Infatti, in ambito di vendita di immobili, la nullità comminata dal D.P.R. n. 380 del 2001, art. 46, e dalla L. n. 47 del 1985, artt. 17 e 40, va ricondotta nell’ambito dell’art. 1418 c.c., comma 3, di cui costituisce una specifica declinazione, e deve qualificarsi come nullità “testuale”, con tale espressione dovendo intendersi, in stretta adesione al dato normativo, un’unica fattispecie di nullità che colpisce gli atti tra vivi ad effetti reali elencati nelle norme che la prevedono, volta a sanzionare la mancata inclusione in detti atti degli estremi del titolo abilitativo dell’immobile, titolo che, tuttavia, deve esistere realmente e deve esser riferibile, proprio, a quell’immobile.

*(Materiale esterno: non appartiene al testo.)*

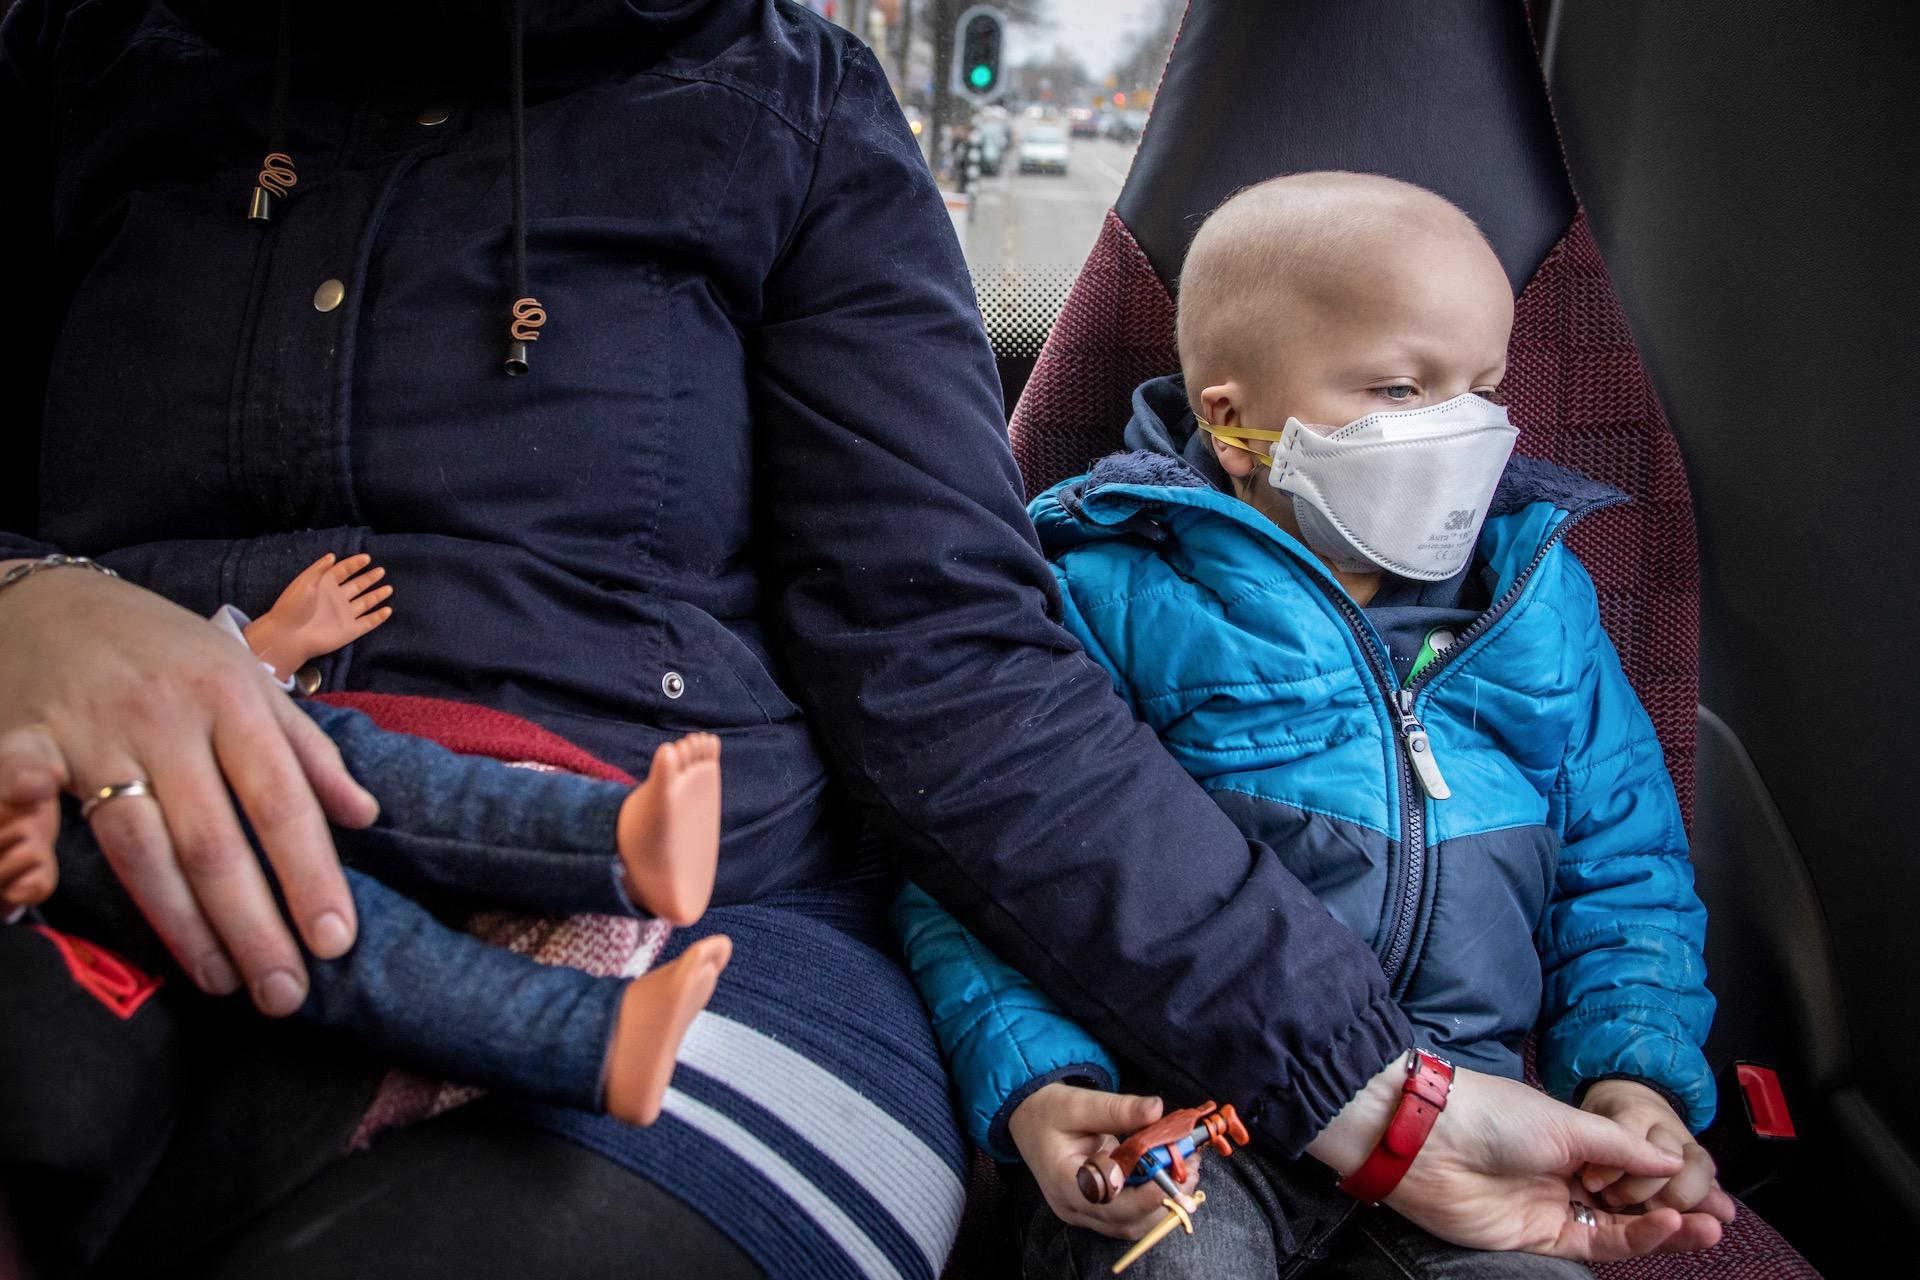 Robbin (5) reist met de bus naar het ziekenhuis voor een bezoek aan de tandarts. Omdat zijn weerstand zo laag is, mag hij niet vaak met de bus reizen. Als hij dat toch doet, moet hij een mondkapje op, omdat hij anders de kans loopt dat hij ziek wordt. Die verkoudheid die jij hebt, kan voor Robbin gevaarlijk zijn. Door leukemie is zijn dagelijks leven en alles wat vanzelfsprekend is, niet meer zo vanzelfsprekend.

Tuttavia, ai fini della validità del contratto non è sufficiente la menzione della dichiarazione dell’alienante degli estremi del titolo abilitativo, ma occorre anche l’indagine circa la sua “reale esistenza”.

In costanza di una dichiarazione reale e riferibile all’immobile, il contratto sarà in conclusione valido, e tanto a prescindere dal profilo della conformità o della difformità della costruzione realizzata al titolo in esso menzionato, e ciò per la decisiva ragione che tale profilo esula dal perimetro della nullità, in quanto, non è previsto dalle disposizioni che la comminano, e tenuto conto del condivisibile principio generale, affermato più volte dalla Corte, secondo cui le norme che, ponendo limiti all’autonomia privata e divieti alla libera circolazione dei beni, sanciscono la nullità degli atti debbono ritenersi di stretta interpretazione, sicché esse non possono essere applicate, estensivamente o per analogia, ad ipotesi diverse da quelle espressamente previste.

Secondo la Corte, la tesi qui adottata non è dissonante rispetto alla finalità di contrasto al fenomeno dell’abusivismo edilizio, cui pure tende la disposizione in esame, e che è meritevole di massima considerazione.

Per effetto della prescritta informazione, l’acquirente, utilizzando la diligenza dovuta nell’occasione, è, infatti, posto in grado di svolgere le indagini ritenute più opportune per appurare la regolarità urbanistica del bene, e così valutare la convenienza dell’affare, anche, in riferimento ad eventuale mancata rispondenza della costruzione al titolo dichiarato.